Au-delà de la technique : la pensée du mouvement

La technesthésique n’est nullement la manie de la technique (de même que sa phobie, quand elle est trop systématique, prive de stimulantes épreuves esthétiques). Commentant encore sa motivation de cinéaste, à son origine, McLaren répond ainsi à la question de savoir ce qui l’« intéressait davantage : la technique ou le mouvement? » (ELB, 24) :

Le mouvement. J’avoue que l’aspect technique ne m’intéressait pas particulièrement. J’avais trouvé une technique très simple et peu coûteuse de dessiner directement\sur la pellicule et cette technique je l’ai utilisée dans de nombreux films par la suite. Donc la technique ne m’attirait pas spécialement. J’étais plutôt fasciné par le mouvement, par l’image.

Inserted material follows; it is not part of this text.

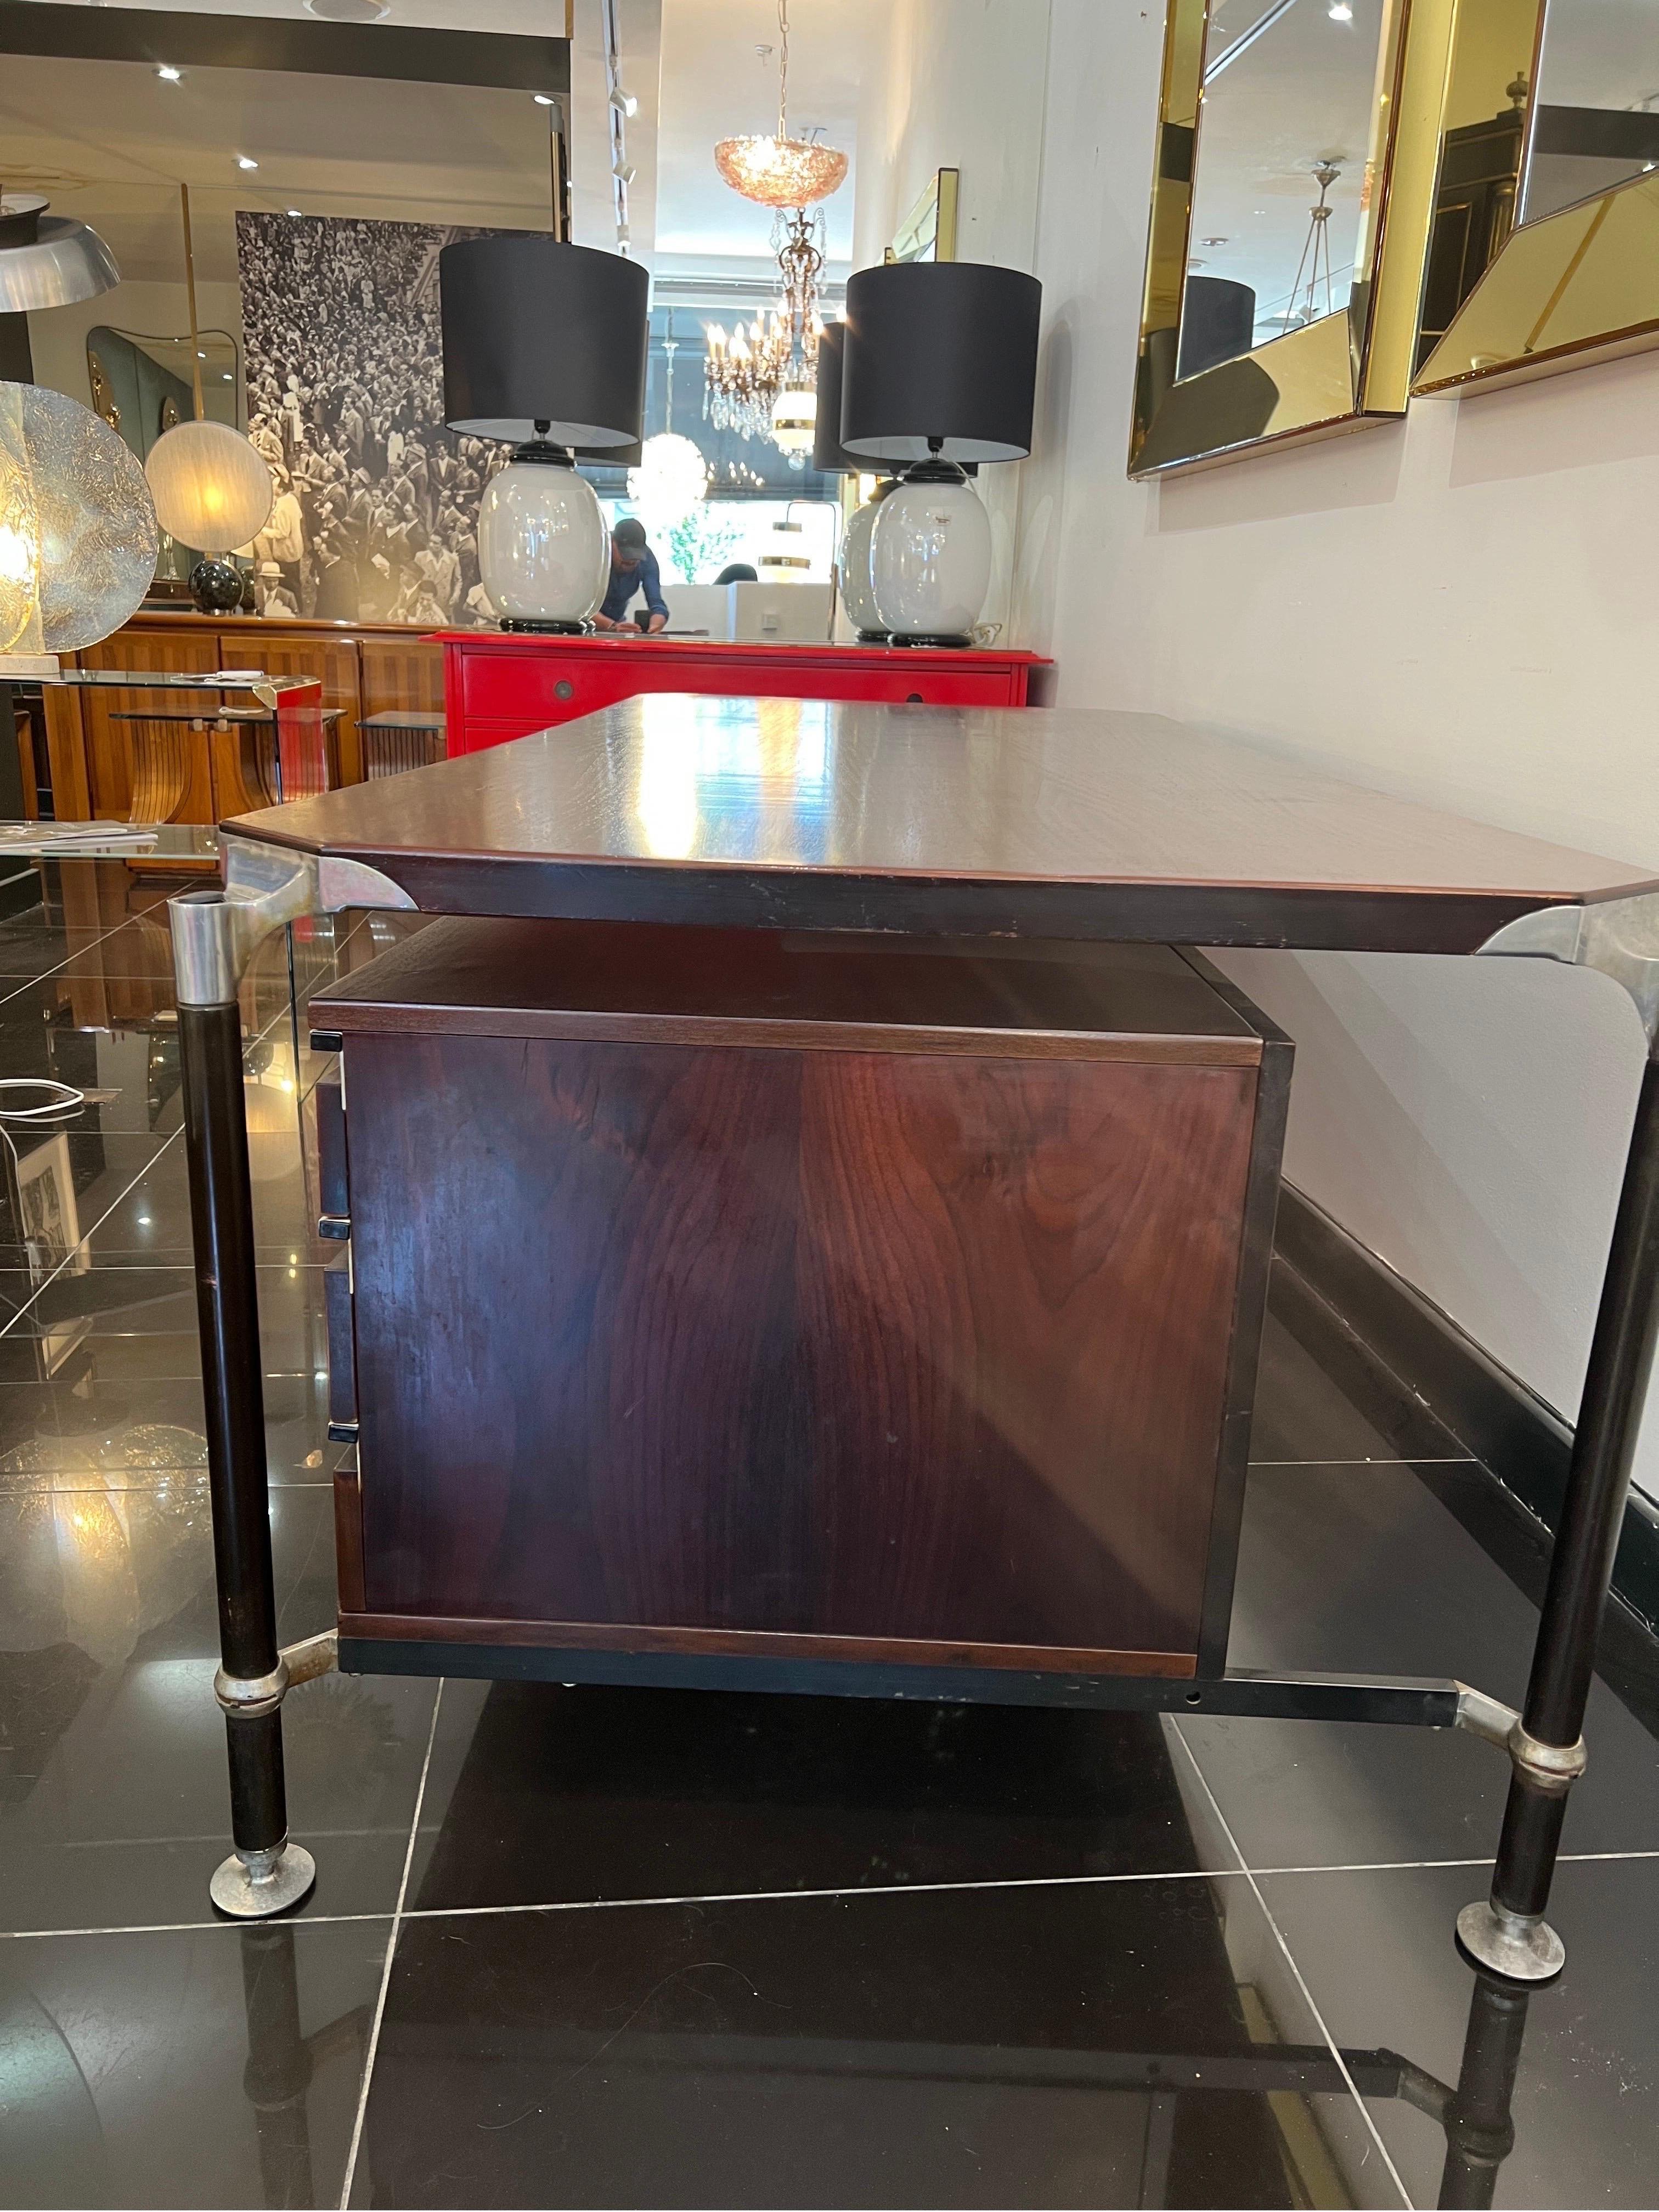 An extra large rosewood executive desk designed by ico Parisi for MIM Rome in 1962 . Structure made from lacquered steel with aluminium supports , there’re three floating drawers to the side with aluminium handles . The rear is a full size recessed

Cette insistance sur le mouvement nous ramène au thème principal de la pensée-cinéma, celui qu’on trouve chez Epstein, Eisenstein, Benjamin, Deleuze, etc. Toutefois, on l’a suggéré, la nécessaire dissociation des plans de la dynamique diégétique et de la dynamique perceptive ne permet pas une évaluation directe, à l’aune de la théorie de la pensée-cinéma, d’une sorte de films où l’économie diégétique, c’est-à-dire l’absorption de la perception de réalité par la postulation et le développement d’un monde, est absente, même si — il faut encore le souligner — des bribes ou des schèmes diégétiques y existent. On pourrait supposer, puisque manquent les ingrédients qui, en mijotant dans le film-roman ou dans le documentaire, dirigent l’attention vers l’impression de réalité, que cette absence fasse régresser le film d’animation à la perception pure du pur mouvement, mais la luxuriance, la variation, sur les plans technesthésique et thématique, dans chaque film autant que de film à film, nous empêche de le conjecturer. Ces ingrédients ne sont pas rapportés au roman d’un monde, ils n’en sont pas moins prégnants.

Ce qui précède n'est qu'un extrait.